This month, Business of Home takes a look at three design books that caught our eye: an exploration of hospitality designer Kit Kemp's creative process, a monograph by traditionalist legend Bunny Williams and a collection from millennial-favorite design site Lonny.
Design Thread, by Kit Kemp
If you’ve ever felt oppressed by the aggressively beige carpeting of a Marriott, read on: British designer Kemp has been bringing color and joy to hotels since the 1980s. As creative director of Firmdale (the group behind The Crosby and The Whitby in New York, alongside many hotels in London), she has done as much as anyone to incite the hospitality design revolution, infusing her designs with creativity, warmth and fine-tuned attention to detail. In this, her third book, Kemp brings readers into her creative process, revealing the titular “design threads” that make her exuberant creations feel tailored and whole.
Showstopper: One of the book’s most lovely spaces is its most short lived. Kemp’s pop-up Caribbean Suite in Turnell & Gigon’s Chelsea Harbour showroom (page 130) uses dozens of patterns and colors without stepping an inch over the line between “too much” and “just right.”
A feast for all senses: In addition to a sumptuous spread of interiors, Kemp includes recipes served at her company’s various hotels. Delicious—though the degree of difficulty on some (“Sea bass and pancetta with a parsley risotto” for example) may intimidate the amateur chef.
Choice quote: “Creating comfortable, functional and well-designed interiors is not rocket science, but it is very often misunderstood and underrated.”
Love Affairs With Houses, by Bunny Williams
Still tasteful after all these years. Forty years into a storied career, Bunny Williams continues to create traditional interiors on a grand scale. A testament both to the enduring appeal of the vernacular and to Williams’ talent, many of the homes contained here feel as though they could come from any point in her oeuvre: Her tailored palette, thoughtful use of antiques, and cozy take on elegance feel timeless. Interestingly, for the first time, Williams shares top billing with her young partner, Elizabeth Lawrence, who originally joined the firm as an intern. Lawrence, poised to take the company into its next era, shares her mentor’s gift for looking forward while looking back: “Today I tell our interns that we need to know and understand our history,” she writes.
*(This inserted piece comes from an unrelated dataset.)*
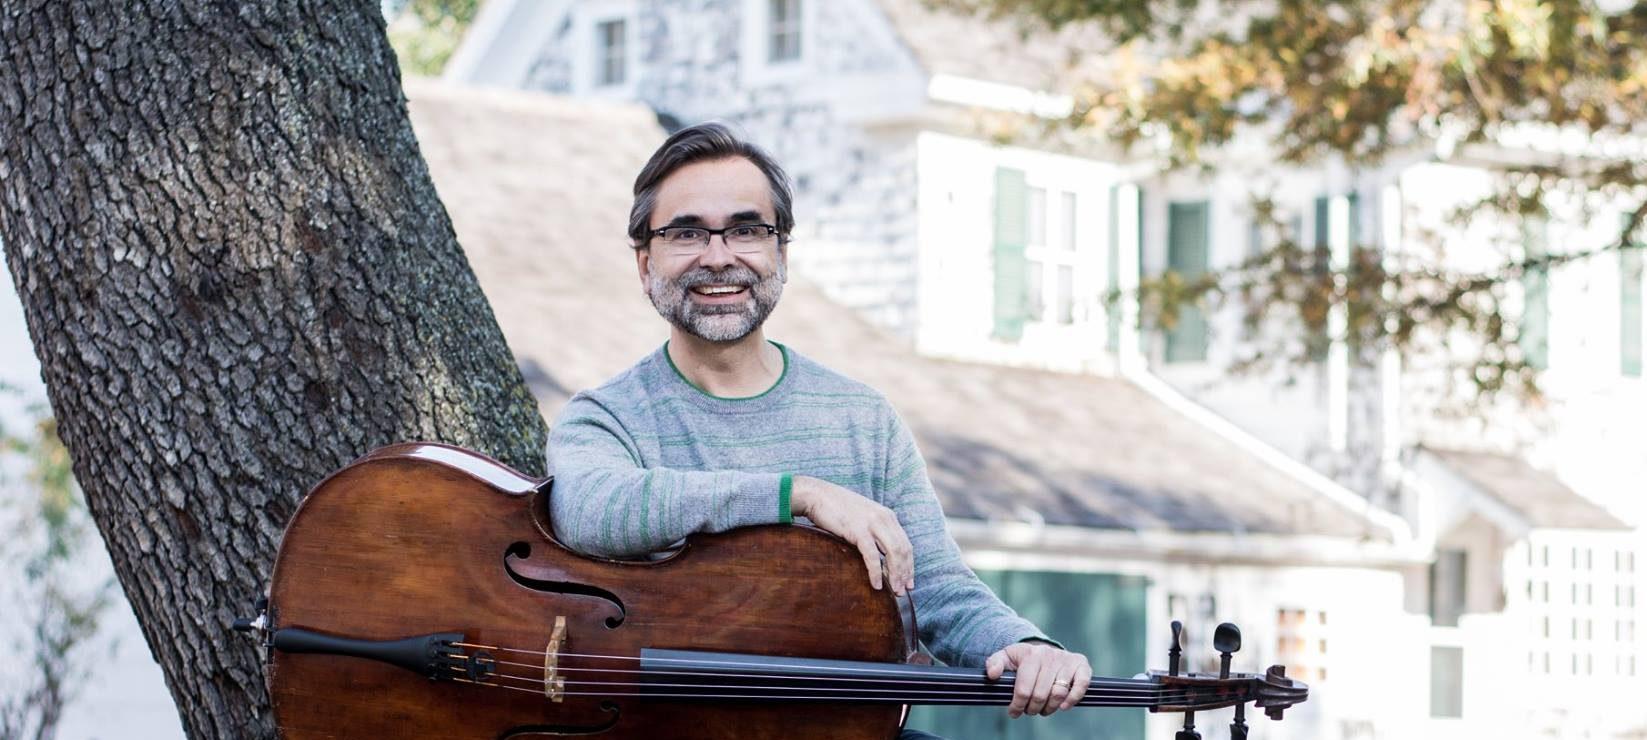 Ovidiu Marinescu - Cellist | Conductor | Composer | Educator

Showstopper: Hollyhock (page 10) is designed for clients whose tastes aligned well with Williams’ herself: full of British antiques, chintz and “a sprinkling of twentieth-century furniture,” this is the stuff that Traditional Home covers are made of.
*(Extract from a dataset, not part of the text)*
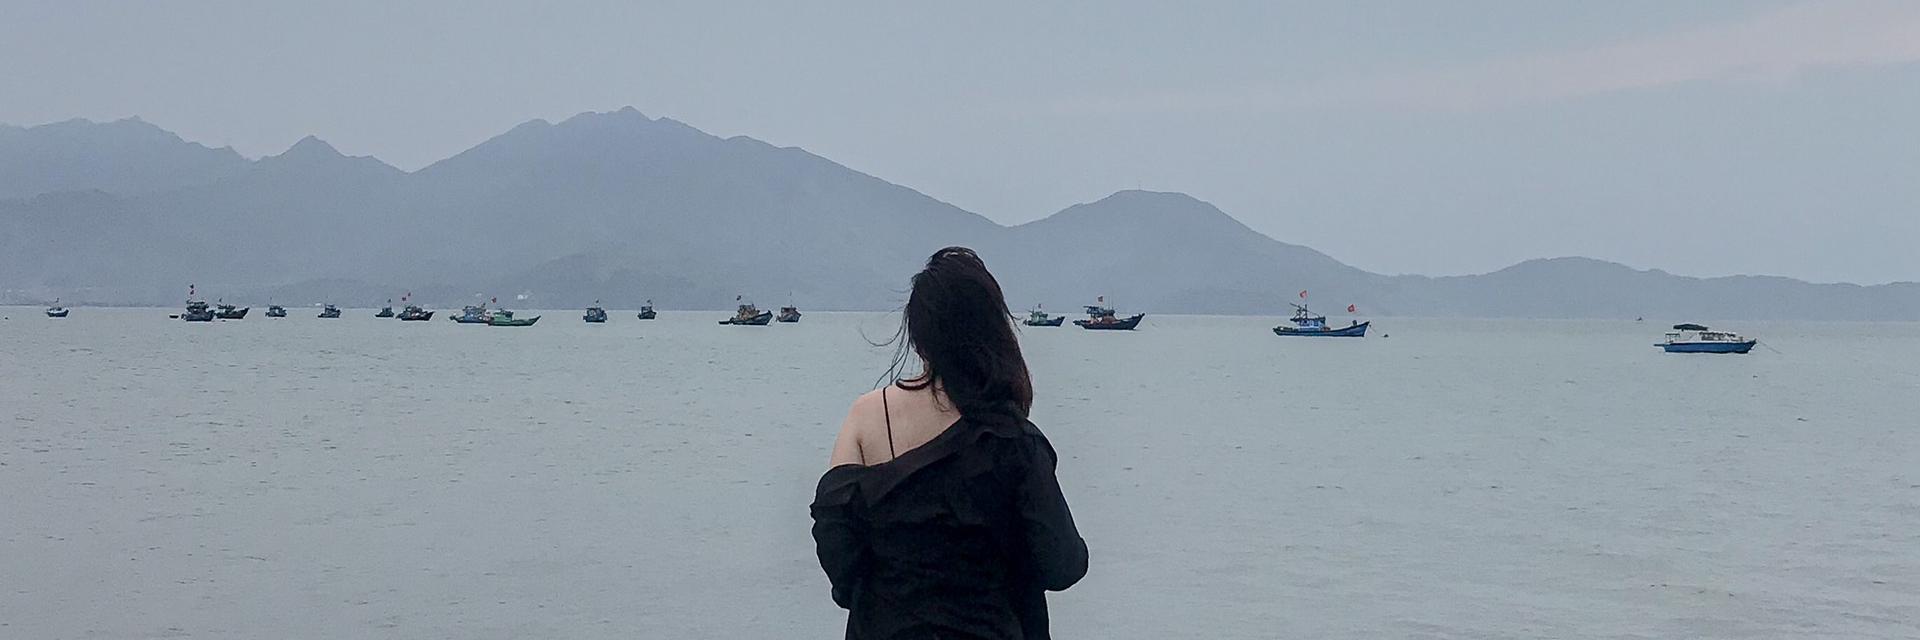 https://gody.vn/blog/congchua_mauhong803174/post/con-duong-da-dan-ra-bien-sieu-dep-o-da-nang-8950

Choice quote: “I feel lucky that I began my career before the internet because I learned so much by going, looking and touching.”
The Lonny Home: Discovering & Cultivating Your Authentic Space
With the sad news that much-beloved shelter blog Design Sponge would be closing up this summer, Lonny remains one of the few aughts design sites standing. Founded in 2009 by Michelle Adams and Patrick Cline (then purchased by Livingly Media in 2012), Lonny has championed a low-key millennial-focused take on interiors—this tome collects highlights from a decade in (digital) print. The book covers a wide range, but loosely speaking the Lonny home is stylishly minimal, pastel-hued, vintage-heavy and antique free. These rooms are inhabited by cool people living cool lives, without trying too hard.
Showstopper: “Lush Life,” a feature on Hilton Carter’s plant-filled Baltimore home, is a testament to the aesthetic power of a well-tended fiddle leaf fig (or two).
Moment of zen: The book is peppered with interviews with Lonny-world experts, like Paula Mallis, a doula and meditation guru who offers tips on creating a calming, grounded atmosphere.